Judiciary

Insurance case is ‘but a speck in the recesses of interstellar space,’ high-profile appeals judge writes

Law professor (and future federal judge) J. Harvie Wilkinson III listens during his testimony on Capitol Hill in Washington, D.C., in August 1994. (Photo by Cynthia Johnson/Getty Images)

In a span of less than a week, a conservative federal appeals judge has written two opinions that are getting attention—for taking a tough stand against the mistaken deportation of an immigrant in one case and for waxing philosophical in another case.

In an April 17 opinion, Judge J. Harvie Wilkinson III took the Trump administration to task for “asserting a right to stash away residents of this country in foreign prisons without the semblance of due process.”

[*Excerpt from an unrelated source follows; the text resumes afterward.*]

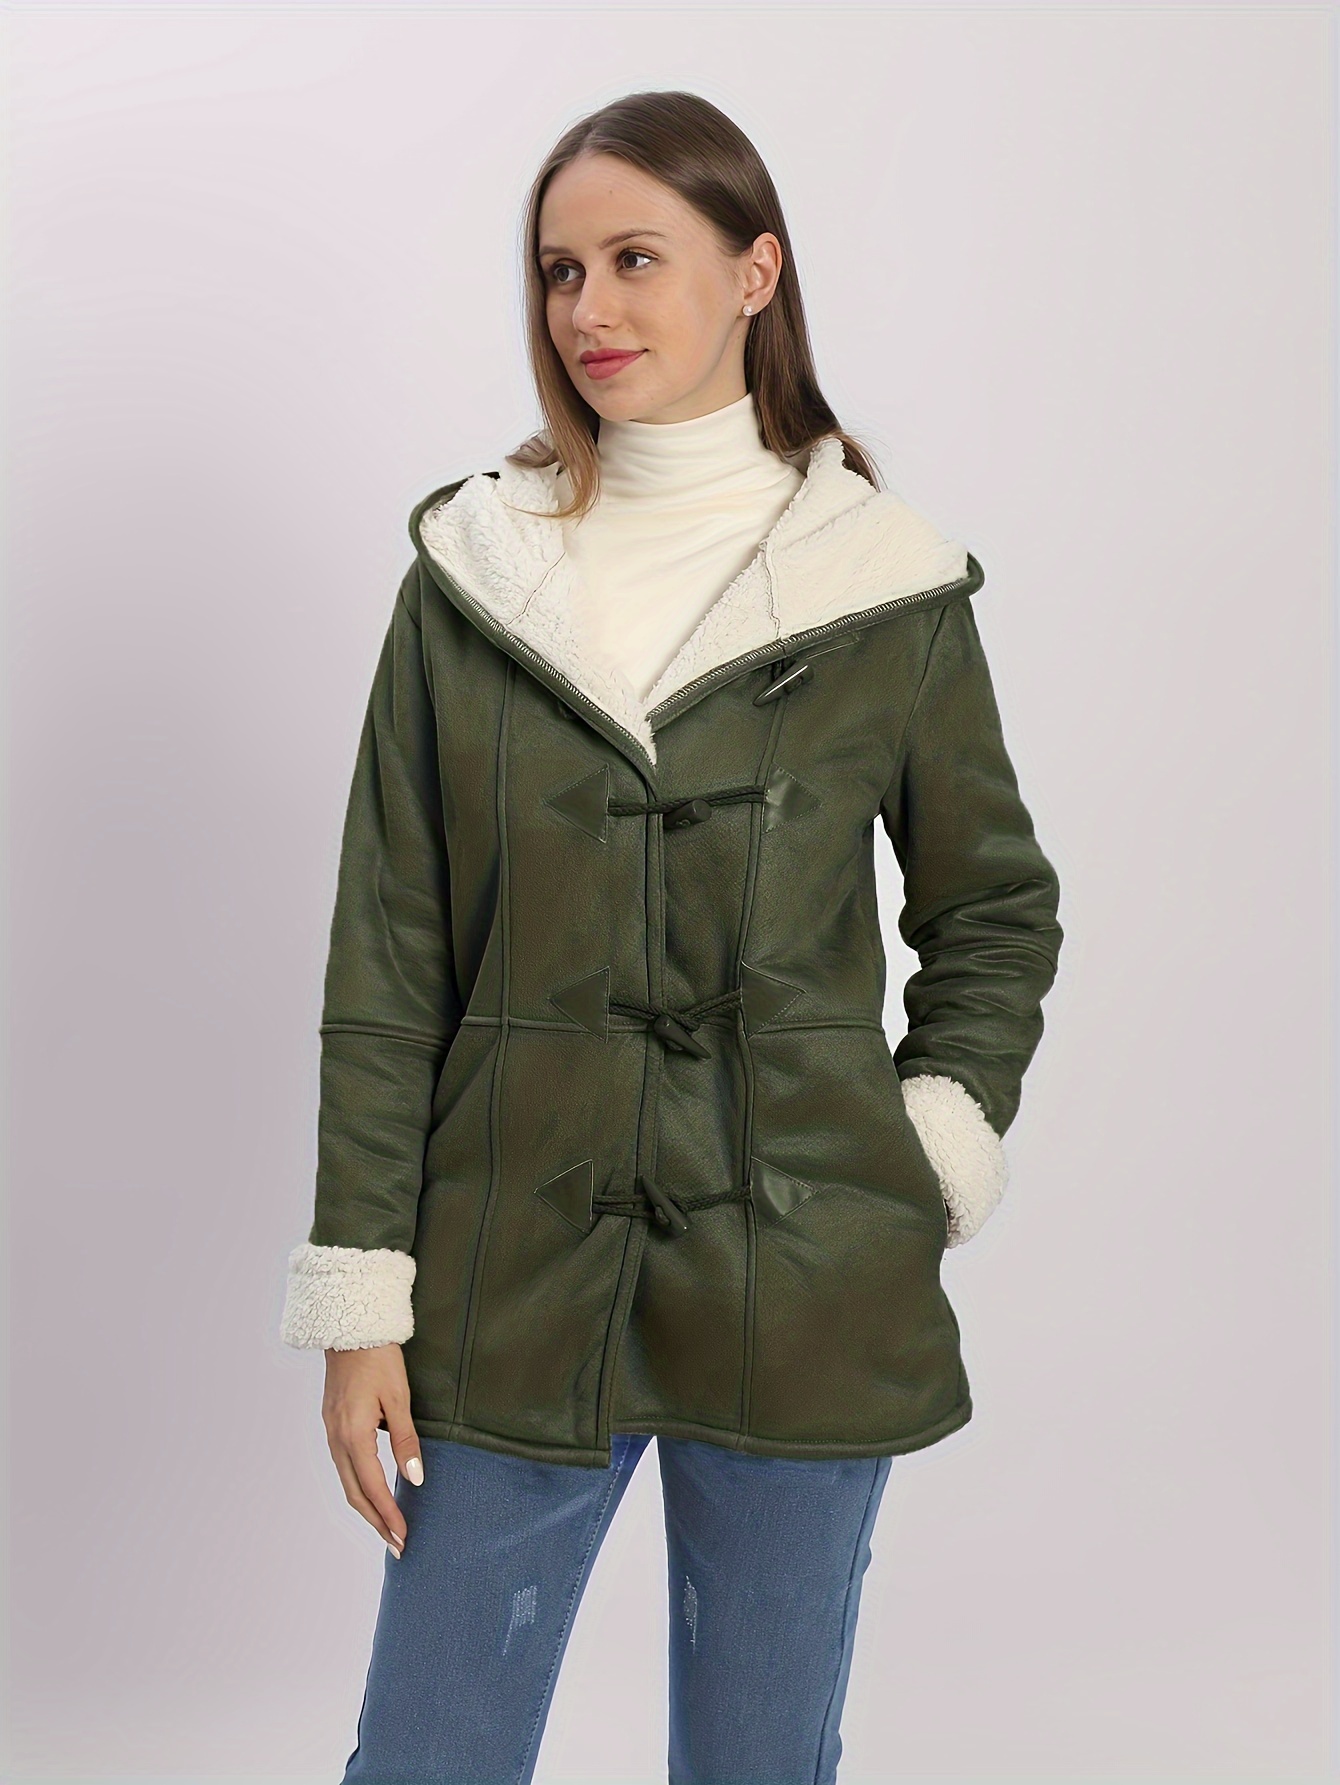 Suéteres para clima frío para mujer, suéter con capucha, abrigo de lana,  abrigo de algodón, chaqueta de forro polar del norte para mujer
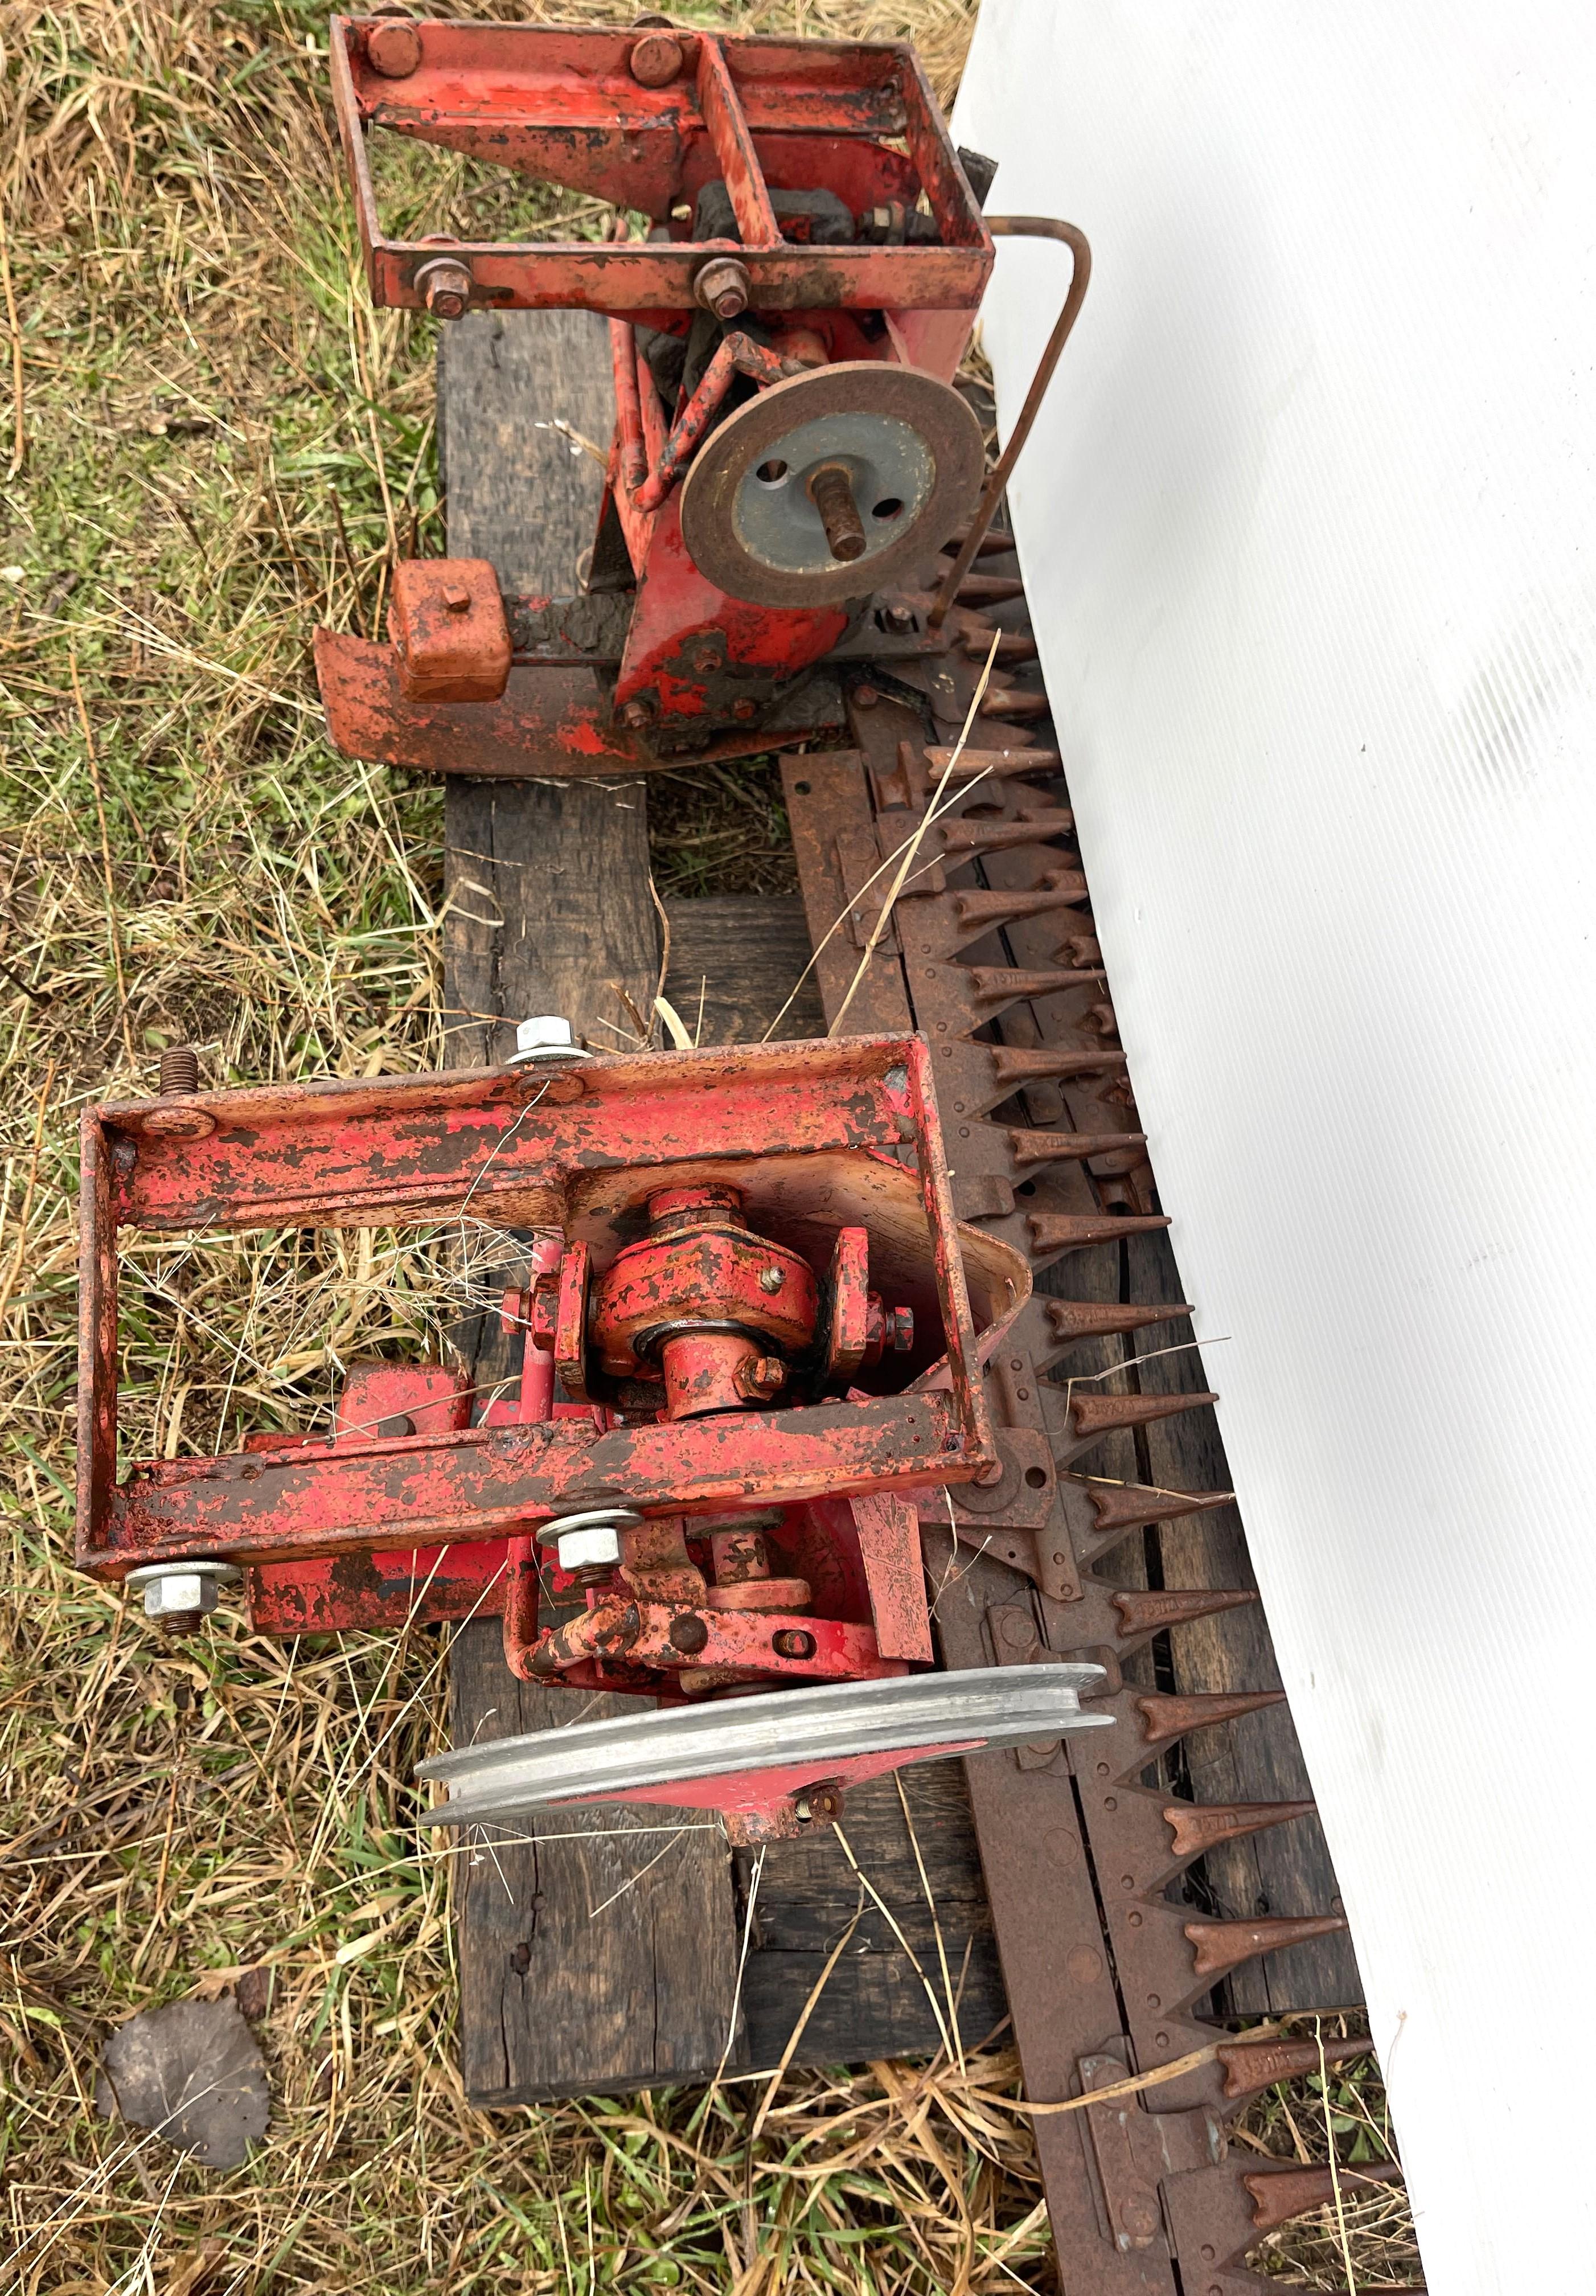 David Bradley Tractors with attachments

Wilkinson wrote the “blistering” opinion for the 4th U.S. Circuit Court of Appeals at Richmond, Virginia, in the case of Kilmar Armando Abrego Garcia of Maryland, according to the New York Times.

Abrego Garcia was deported to a prison in El Salvador in Central America because of an “administrative error.” The case is Abrego Garcia v. Noem.

Now, Wilkinson is getting attention once again for an April 23 opinion in an insurance dispute involving a man on a lawn mower struck and killed by an underinsured motorist, according to Above the Law and the Judicial Notice newsletter at Original Jurisdiction.

The 4th Circuit held that the man’s estate was entitled to $150,000 under the plain terms of the man’s underinsured motorist coverage—and nothing more.

Wilkinson engaged in “existential, metaphysical musings” at the end of his opinion, according to Judicial Notice.

Here is what Wilkinson wrote: “What after all does it matter? A single, seemingly ordinary, rather technical insurance case. One among the many hundreds of rulings judges make each year.

“What does it matter? A case but a speck in the recesses of interstellar space and in the four-plus billion years since our solar system’s birth. What does it matter, this case deserted by both space and time?

“To be human is to live in the here and now. This small case extracts courageous meaning from the vast impersonality in which it resides. Its immediacy confounds infinity; its passions light the dark. We have given it our best; the litigants have given it their best. The trial court has done the same. We do not overlook for a moment the tragic passing of the insured but neither can we ignore the contract under South Carolina law that defines the insurer’s obligation.”

The insurance case is Owners Insurance Co. v. Walsh.

Wilkinson, 80, was appointed to the 4th Circuit by former President Ronald Reagan, the New York Times reports in a story about his background. He is the “son of a patrician Virginia banker,” an Army veteran and a law grad of the University of Virginia.

He delayed his legal education after one year to unsuccessfully run for Congress in 1970 as a Republican. After law school, he worked as a law professor and in the U.S. Department of Justice.

On the bench, the New York Times reports, Wilkinson has “a long track record of conservative rulings under his belt, having criticized rulings establishing abortion rights while writing approvingly of a broad conception of presidential power.”